**Work to be completed:**
A full, word-for-word copy of the listing below is needed; leave the images out of it.

──────── Supplied data ────────

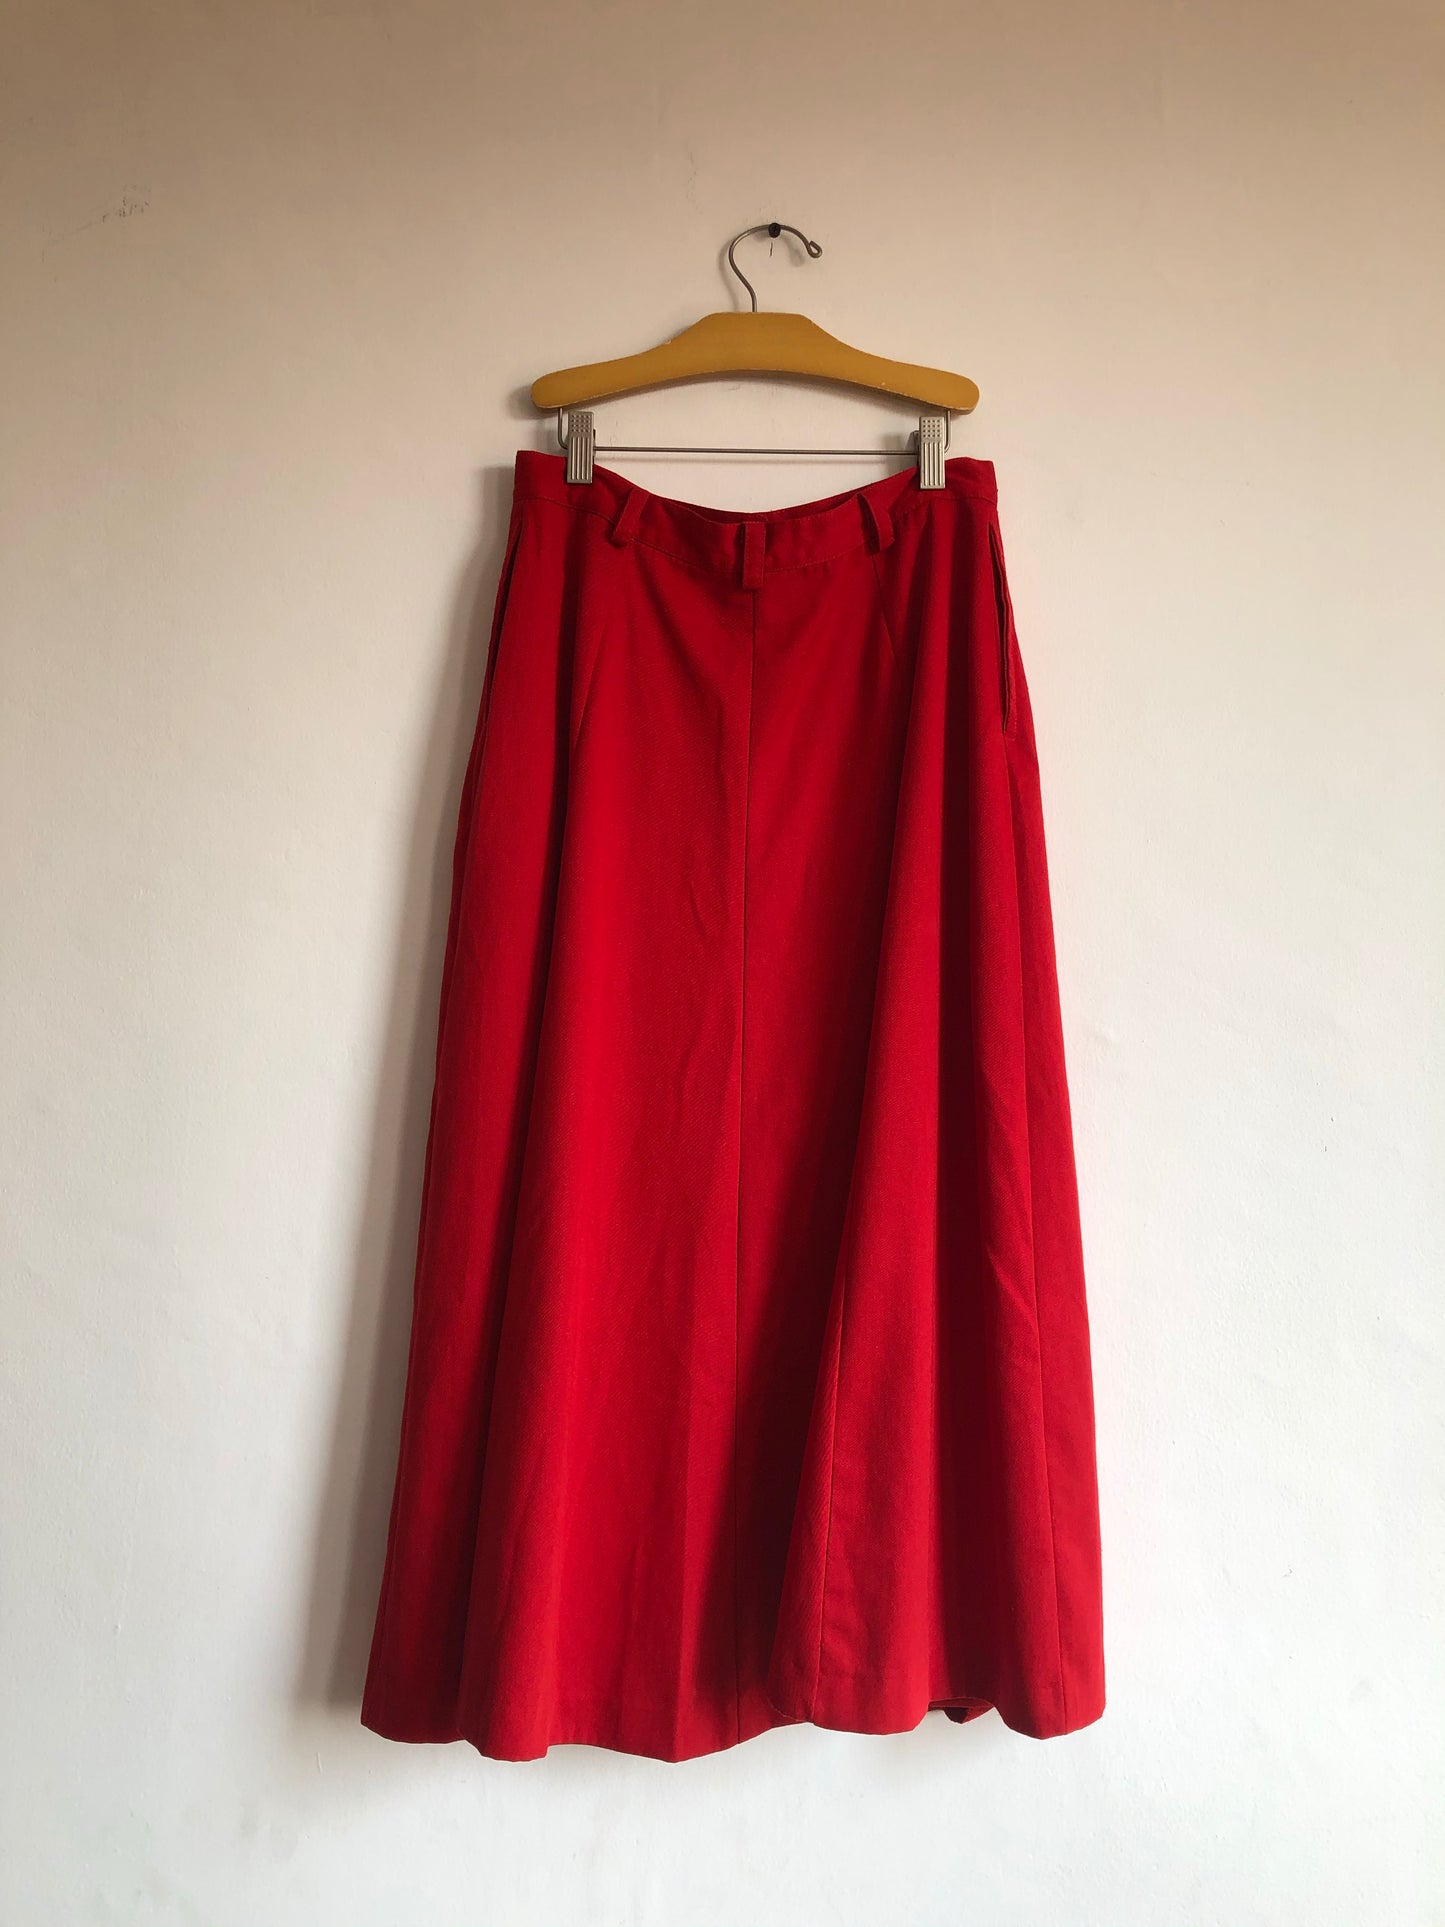 Long Red Skirt
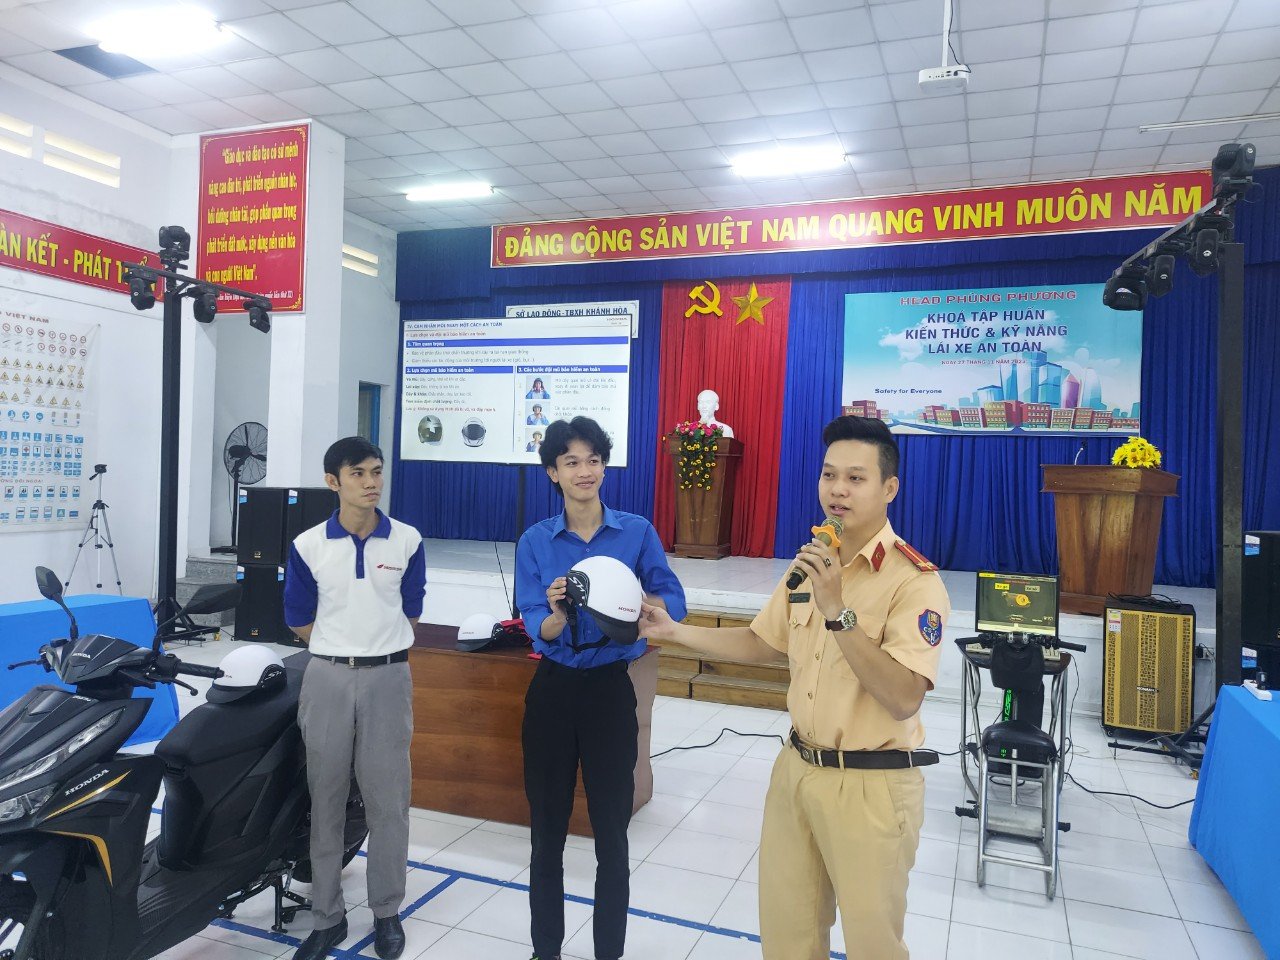 Trường Trung cấp nghề Vạn Ninh tổ chức tập huấn kiến thức và kỹ năng lái xe an toàn 
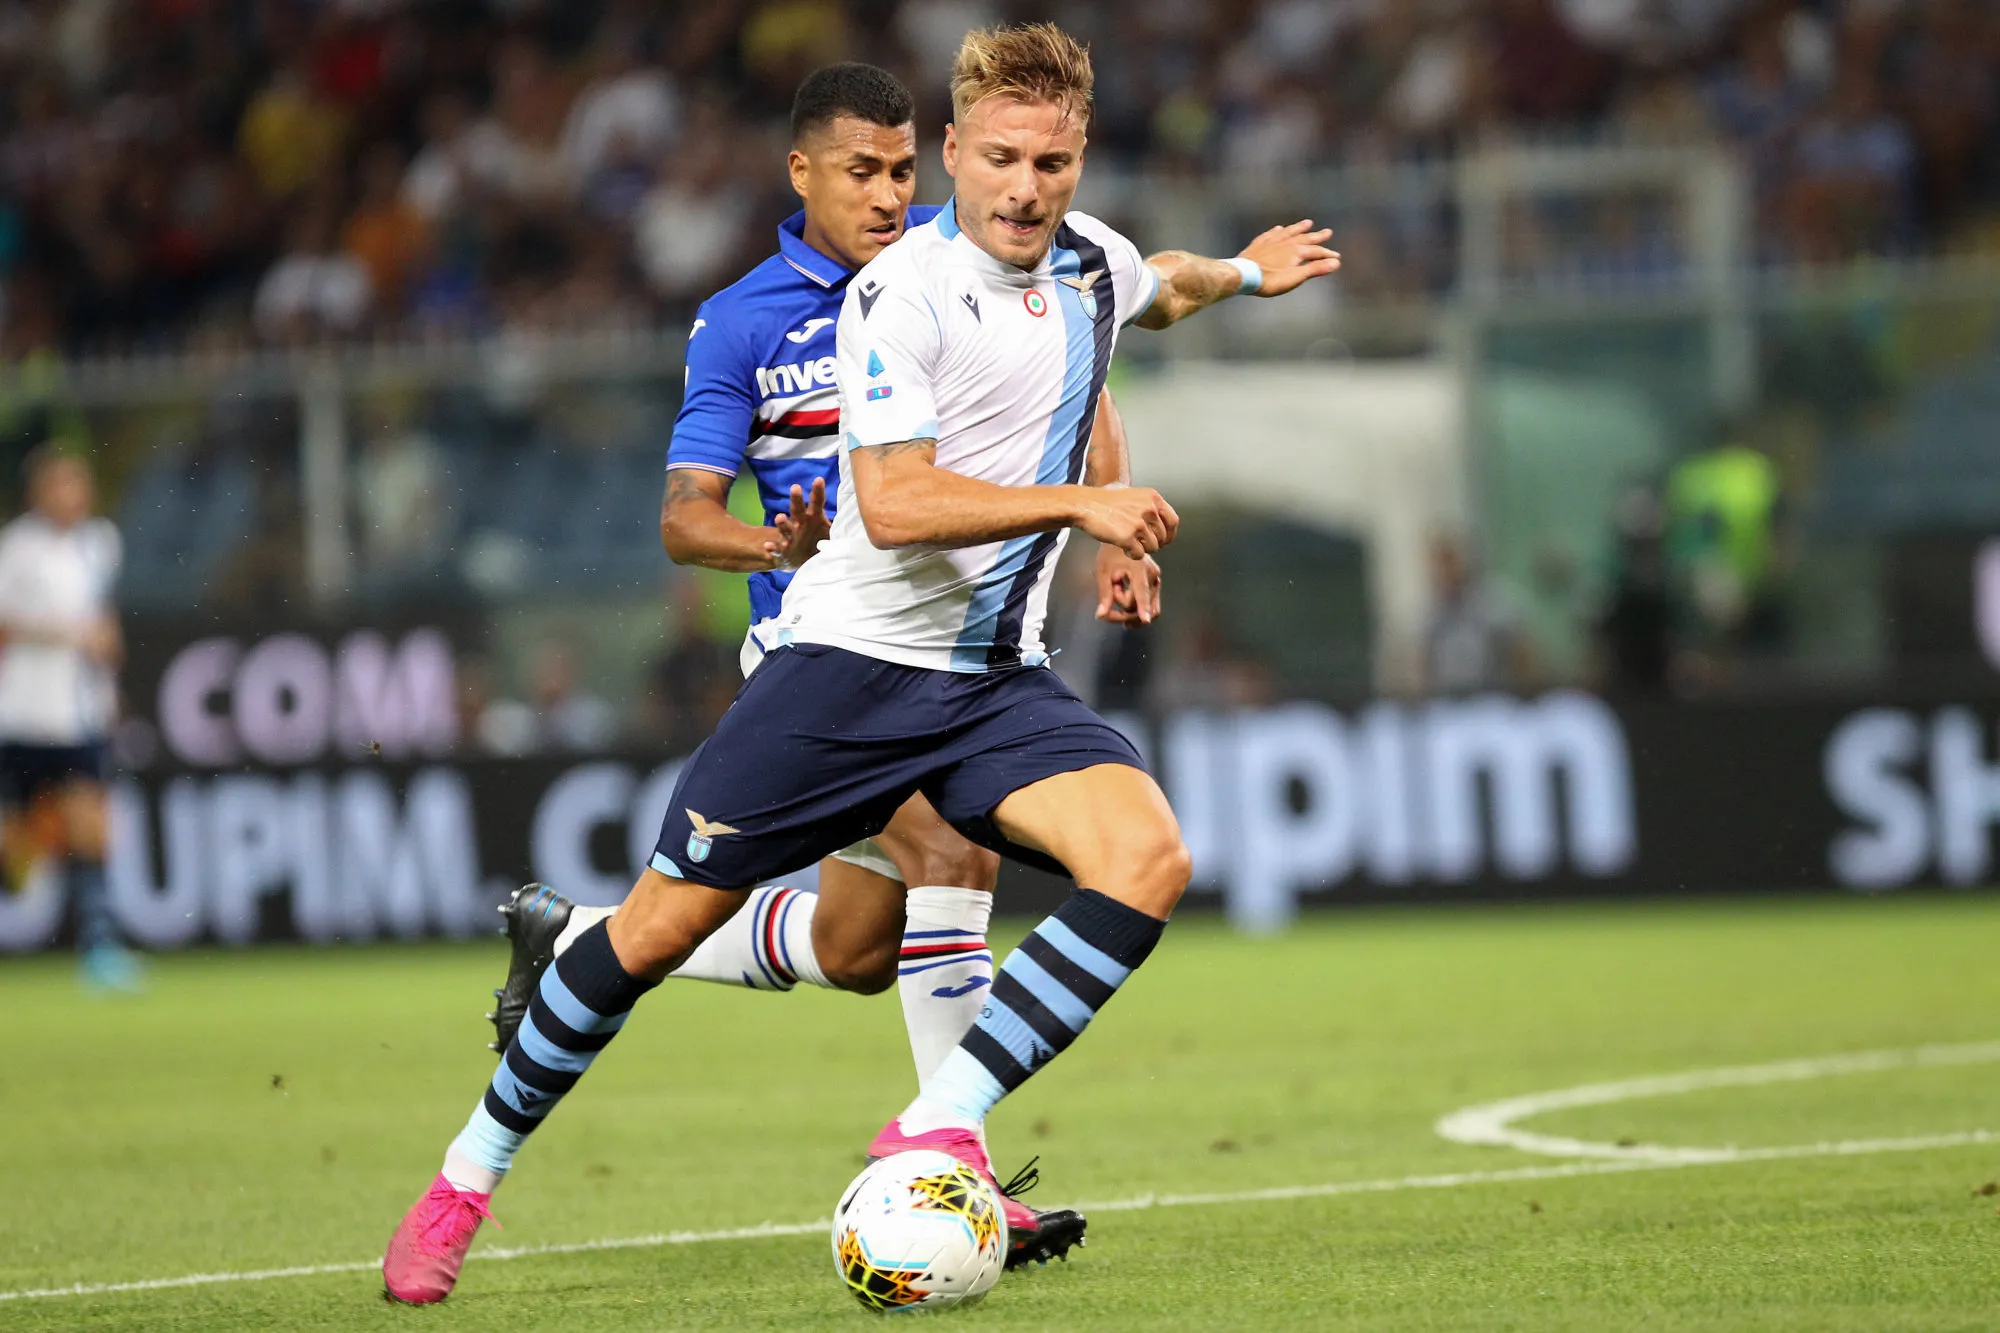 Pronostic Udinese Lazio : Analyse, prono et cotes du match de Serie A

────────

**Completed exercise:**
 Long Red Skirt
 Trường Trung cấp nghề Vạn Ninh tổ chức tập huấn kiến thức và kỹ năng lái xe an toàn 
 Pronostic Udinese Lazio : Analyse, prono et cotes du match de Serie A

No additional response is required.